2. Shared View allows the use of the simultaneous video outputs while in single mode.

Neither setting does anything in dual mode as far as I can tell.

Now, with that said... The 922 only has single mode... I haven't tested Shared View to see if it works as expected. Record+ doesn't seem to work for me. IF a recording fires while watching TV it will always use a tuner you aren't actively watching... so the only way to see of record+ is functioning is have a timer fire while you are in standby and see which tuner it picks.

Invariably, I find my 922 consistently uses the tuner I have as the main one (the one that you are actively watching OR first shows when turning on your receiver).

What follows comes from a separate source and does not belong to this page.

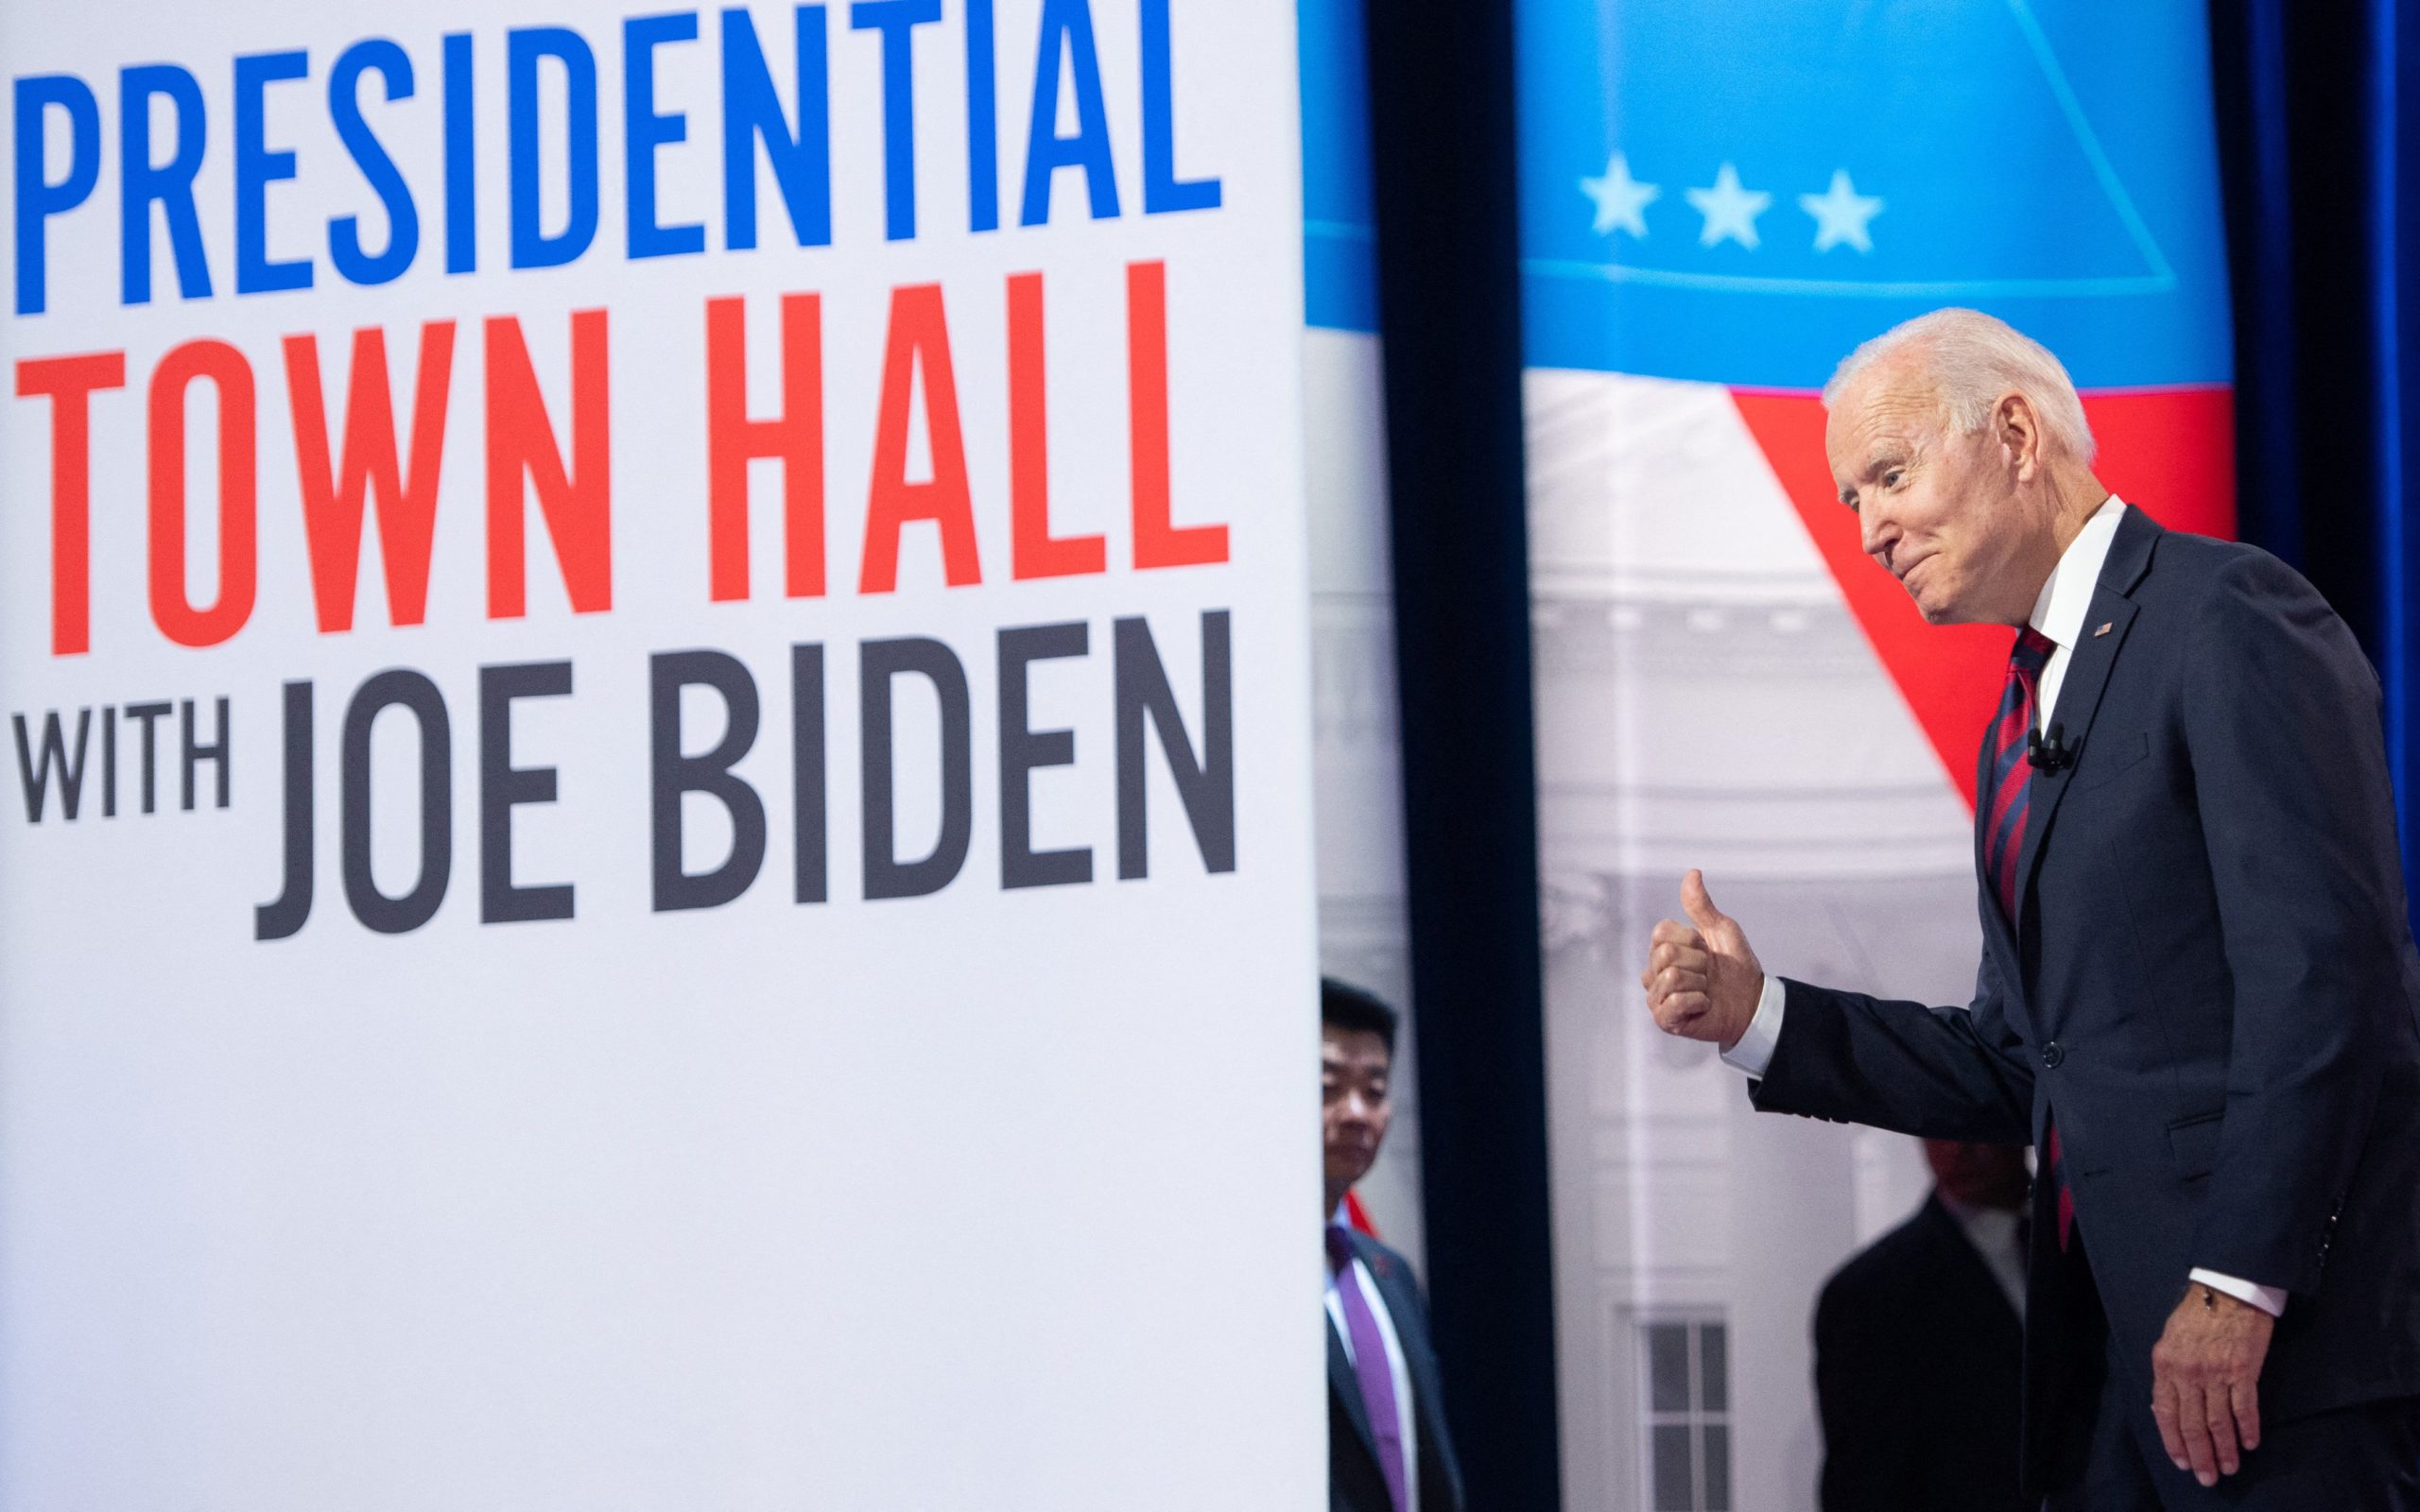 US President Joe Biden gives a thumbs up as he participates in a CNN Town Hall hosted by Don Lemon (R) at Mount St. Joseph University in Cincinnati, Ohio, July 21, 2021. (Photo by SAUL LOEB / AFP) (Photo by SAUL LOEB/AFP via Getty Images)

So while I know what these settings are supposed to do... I'm not sure they actually do anything of the kind.


----------



## n0qcu (Mar 23, 2002)

Actually record+ works only in DUAL mode to select which TV recordings should default to.
In single mode Record+ options are grayed out, you cannot even change them. In single mode the default is to always use the background tuner. This is of course on all the other duo models. The 922 is different, you can change the record+ settings but it makes no difference _that I've seen_ it uses always tuner 2 as default. (which makes it so you can't change to a different channel if it's recording and you connect with sling without stopping the recording)


----------



## Stewart Vernon (Jan 7, 2005)

n0qcu said:


> Actually record+ works only in DUAL mode to select which TV recordings should default to.


Sorry... you're right. I said that exactly backwards!


----------